◆ **WORK INSTRUCTION**:
Print, in exact form, the lines below from the one containing "Платье-футляр с кружевным" through the one containing "HUAWEI/华为畅享8e 3G+32G 蓝色黑色金色移动联通电信4G手机", and omit all others.

--- SOURCE MATERIAL ---

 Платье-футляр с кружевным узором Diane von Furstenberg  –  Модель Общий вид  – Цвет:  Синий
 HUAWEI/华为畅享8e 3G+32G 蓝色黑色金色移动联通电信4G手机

---
--- SOURCE MATERIAL ---

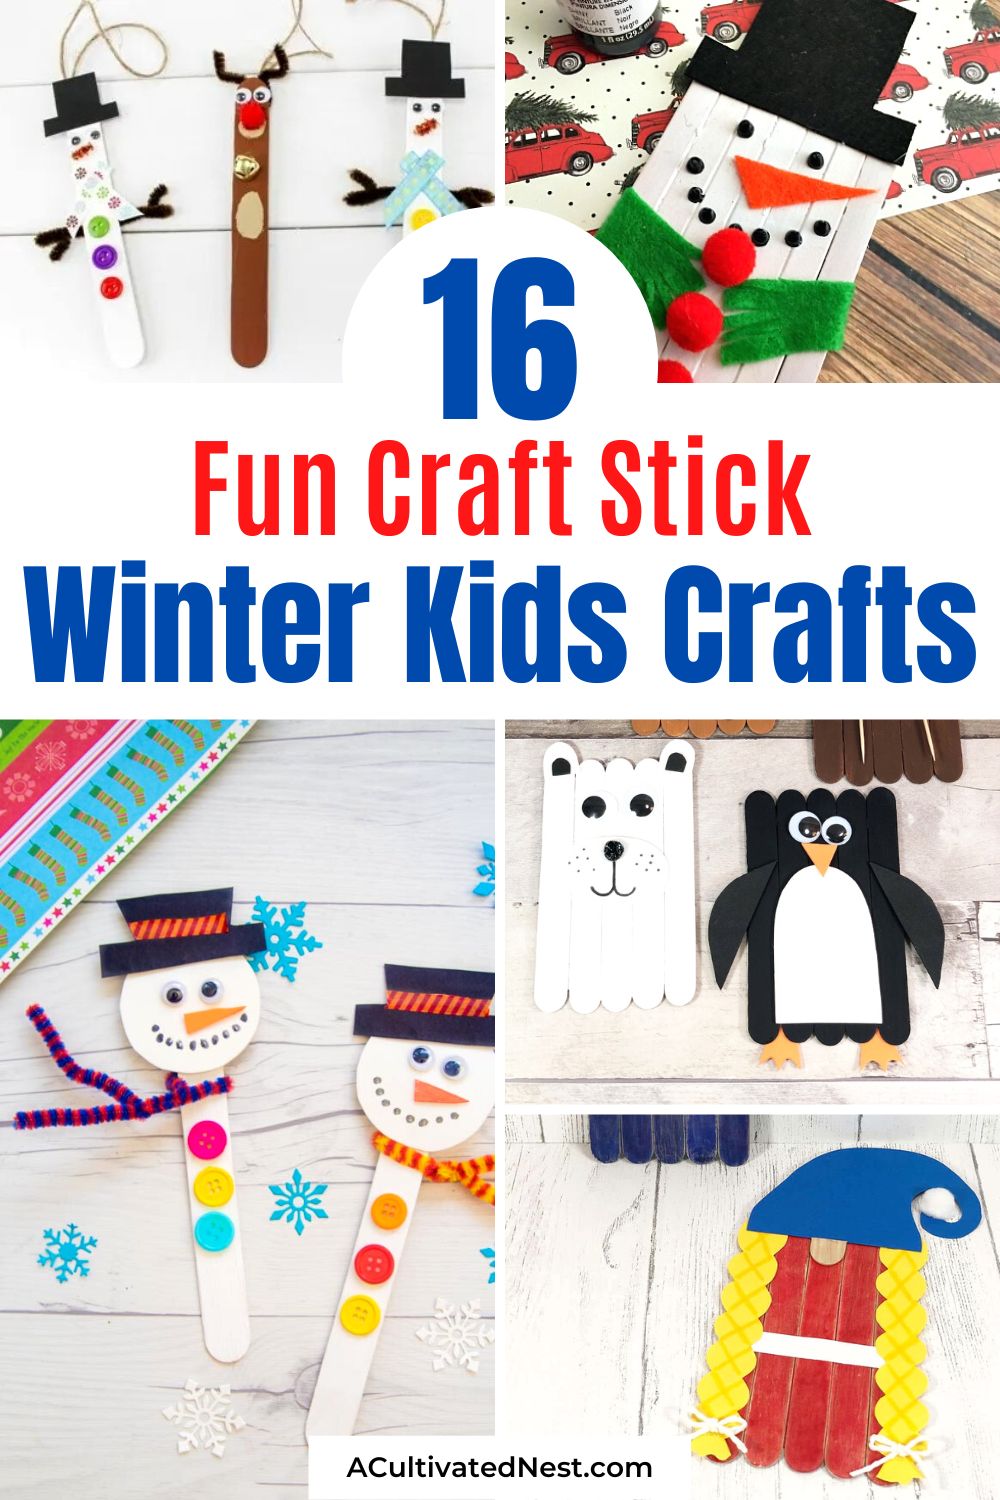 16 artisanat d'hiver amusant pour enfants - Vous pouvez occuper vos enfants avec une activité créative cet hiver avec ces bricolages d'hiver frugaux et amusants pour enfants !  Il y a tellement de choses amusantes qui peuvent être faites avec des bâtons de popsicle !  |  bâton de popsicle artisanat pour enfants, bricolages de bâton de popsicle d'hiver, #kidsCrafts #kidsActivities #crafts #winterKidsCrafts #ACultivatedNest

---
--- SOURCE MATERIAL ---

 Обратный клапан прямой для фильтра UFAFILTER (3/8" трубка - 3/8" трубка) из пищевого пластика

---

◆ **FINISHED EXERCISE**:
 Платье-футляр с кружевным узором Diane von Furstenberg  –  Модель Общий вид  – Цвет:  Синий
 HUAWEI/华为畅享8e 3G+32G 蓝色黑色金色移动联通电信4G手机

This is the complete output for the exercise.